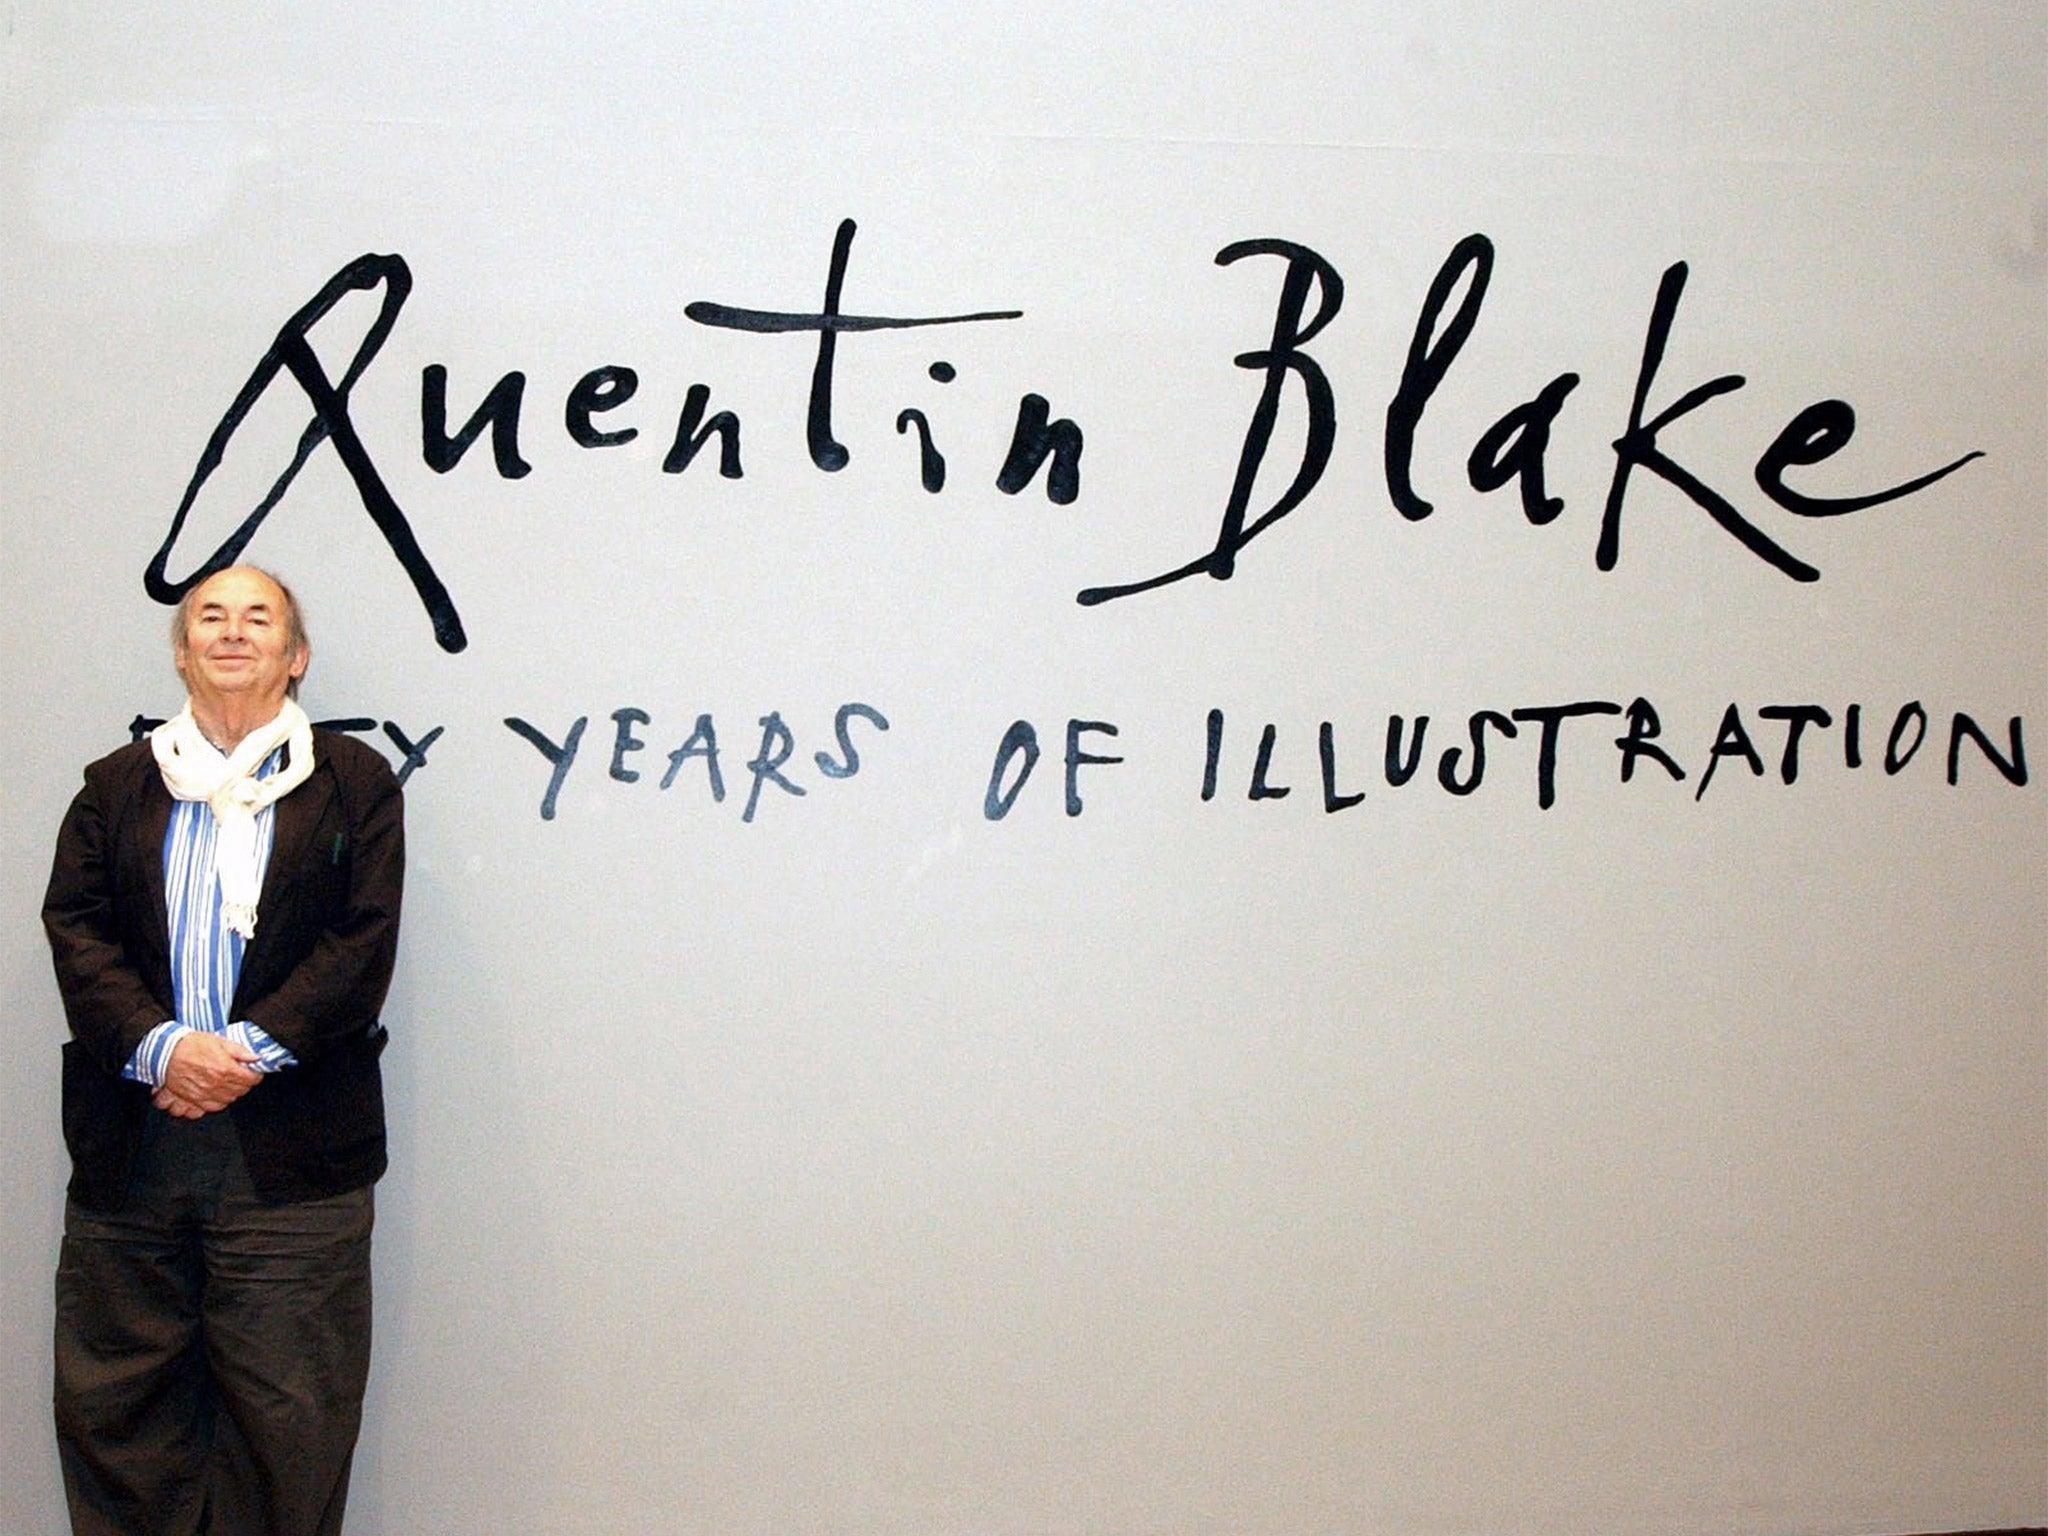 Quentin Blake Roald Dahl Illustrators Unique Handwriting
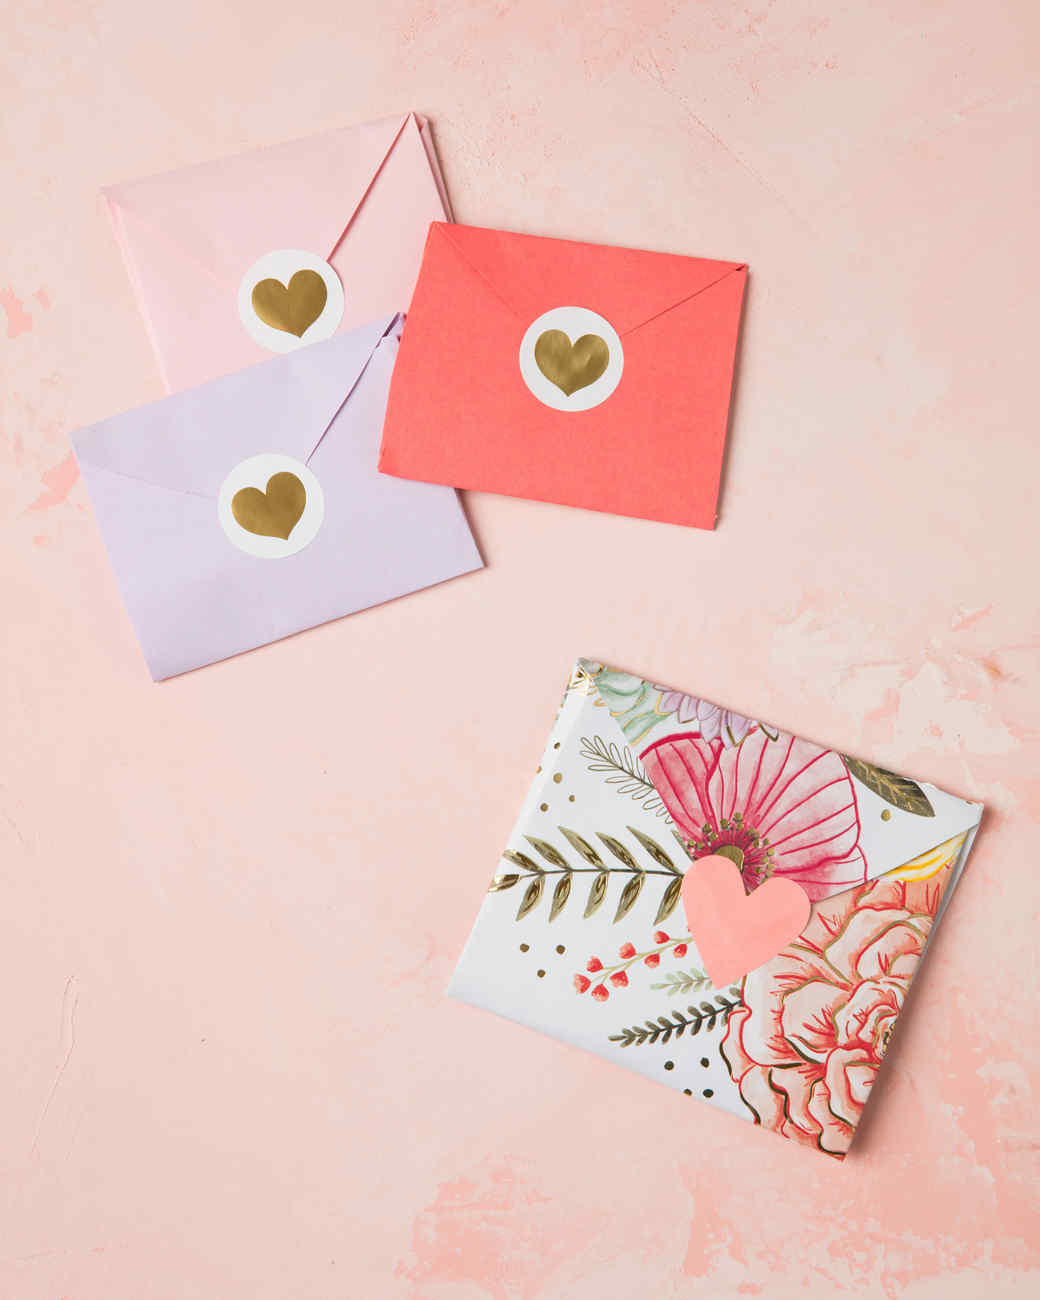 sobres hechos a mano para cartas de amor, como hacer un sobre bonito y original, ideas de regalos san valentin hechos a mano
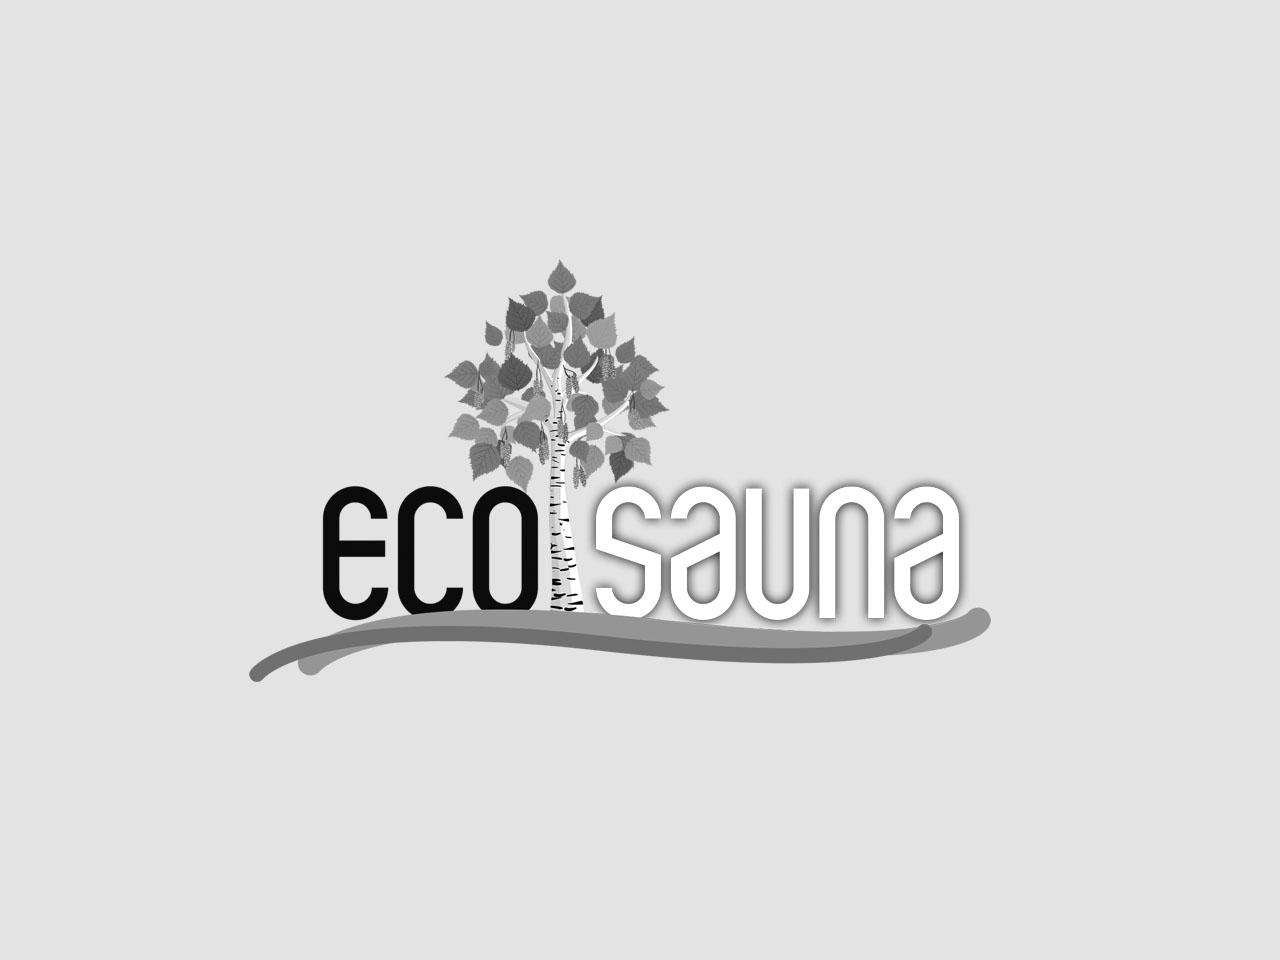 ecosauna-siti-web-seo-posizionamento-valle-camonica-contessi-fostinelli-
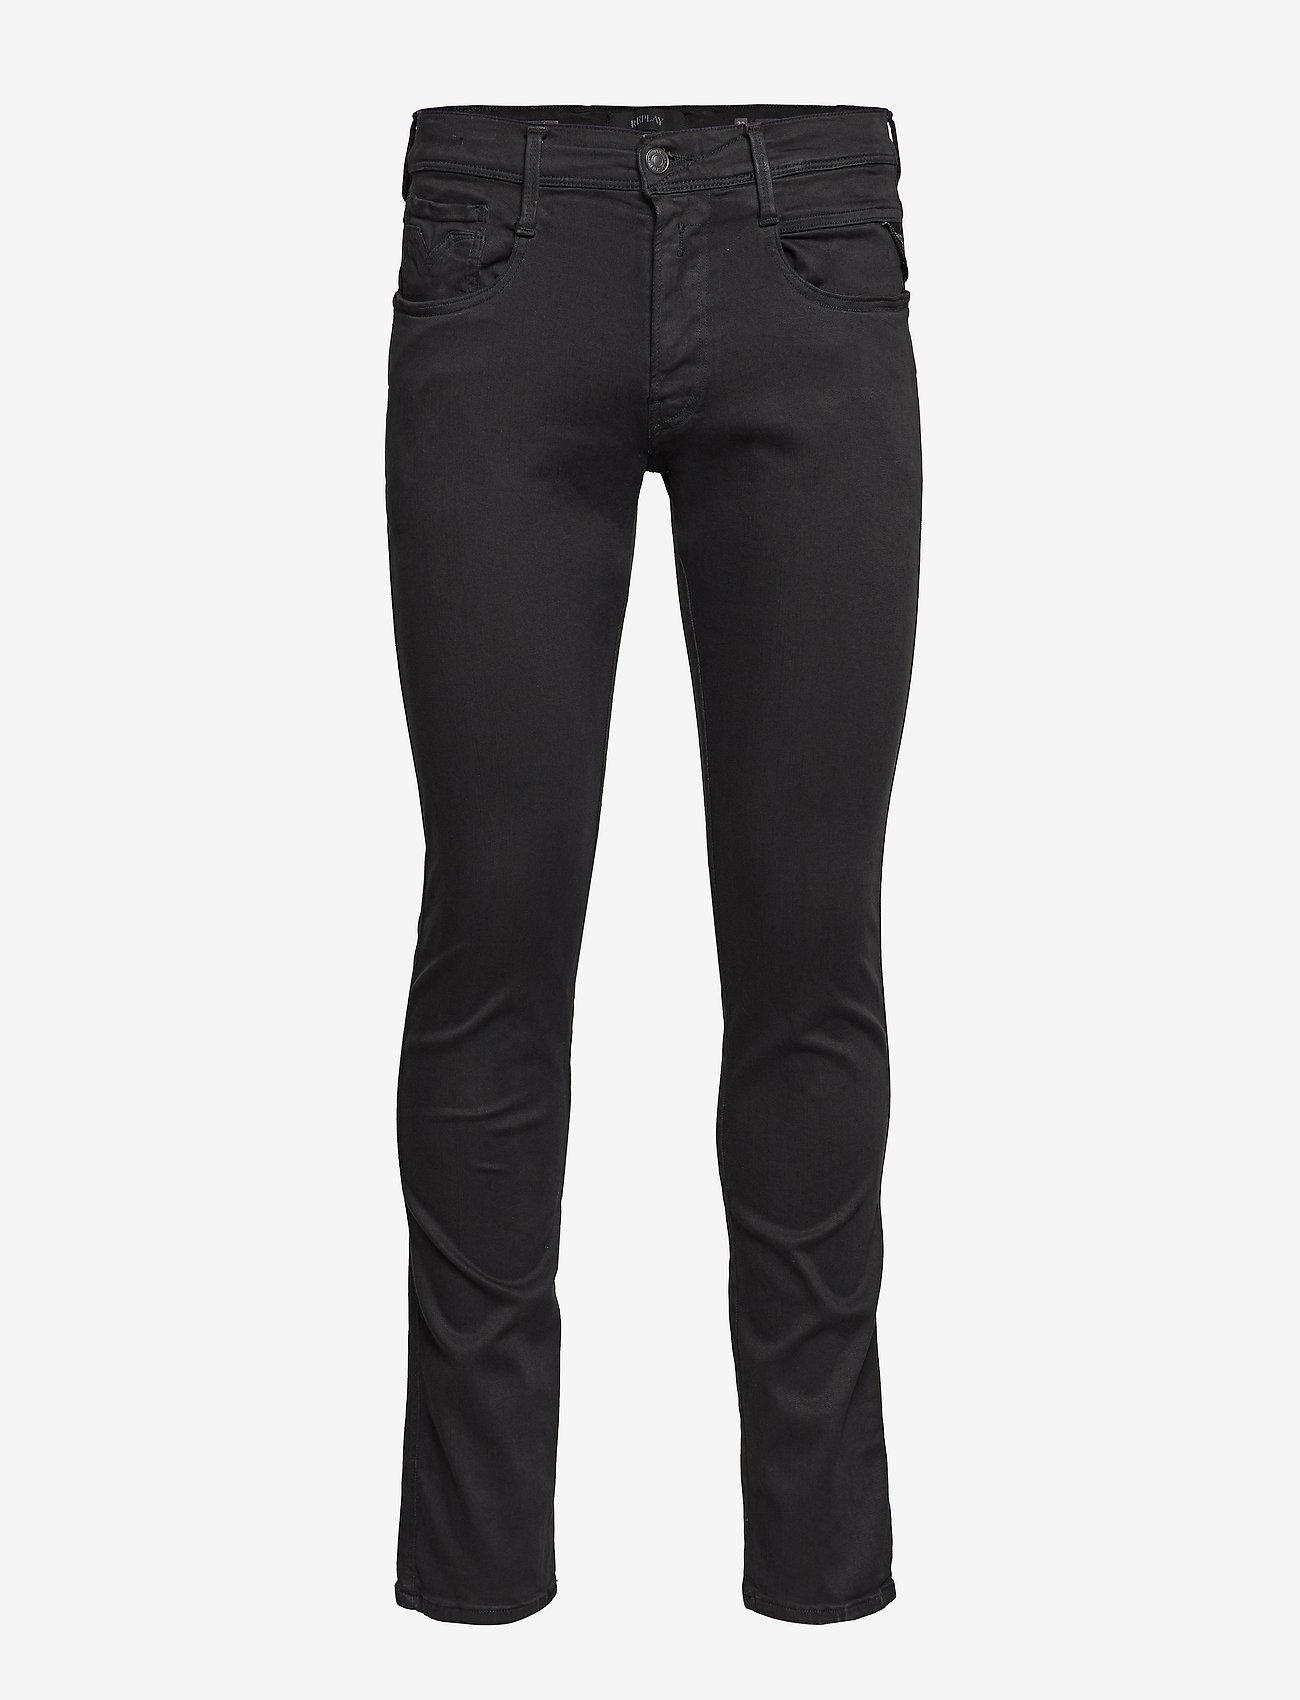 Replay ANBASS - Jeans BLACK TlKBHv8Z

###

Work request. Only the lines from the one with "sobres hechos a" to the end of the listing, both ends included, should be retyped exactly; no pictures belong in the copy.

Response area.
 sobres hechos a mano para cartas de amor, como hacer un sobre bonito y original, ideas de regalos san valentin hechos a mano
 ecosauna-siti-web-seo-posizionamento-valle-camonica-contessi-fostinelli-
 Replay ANBASS - Jeans BLACK TlKBHv8Z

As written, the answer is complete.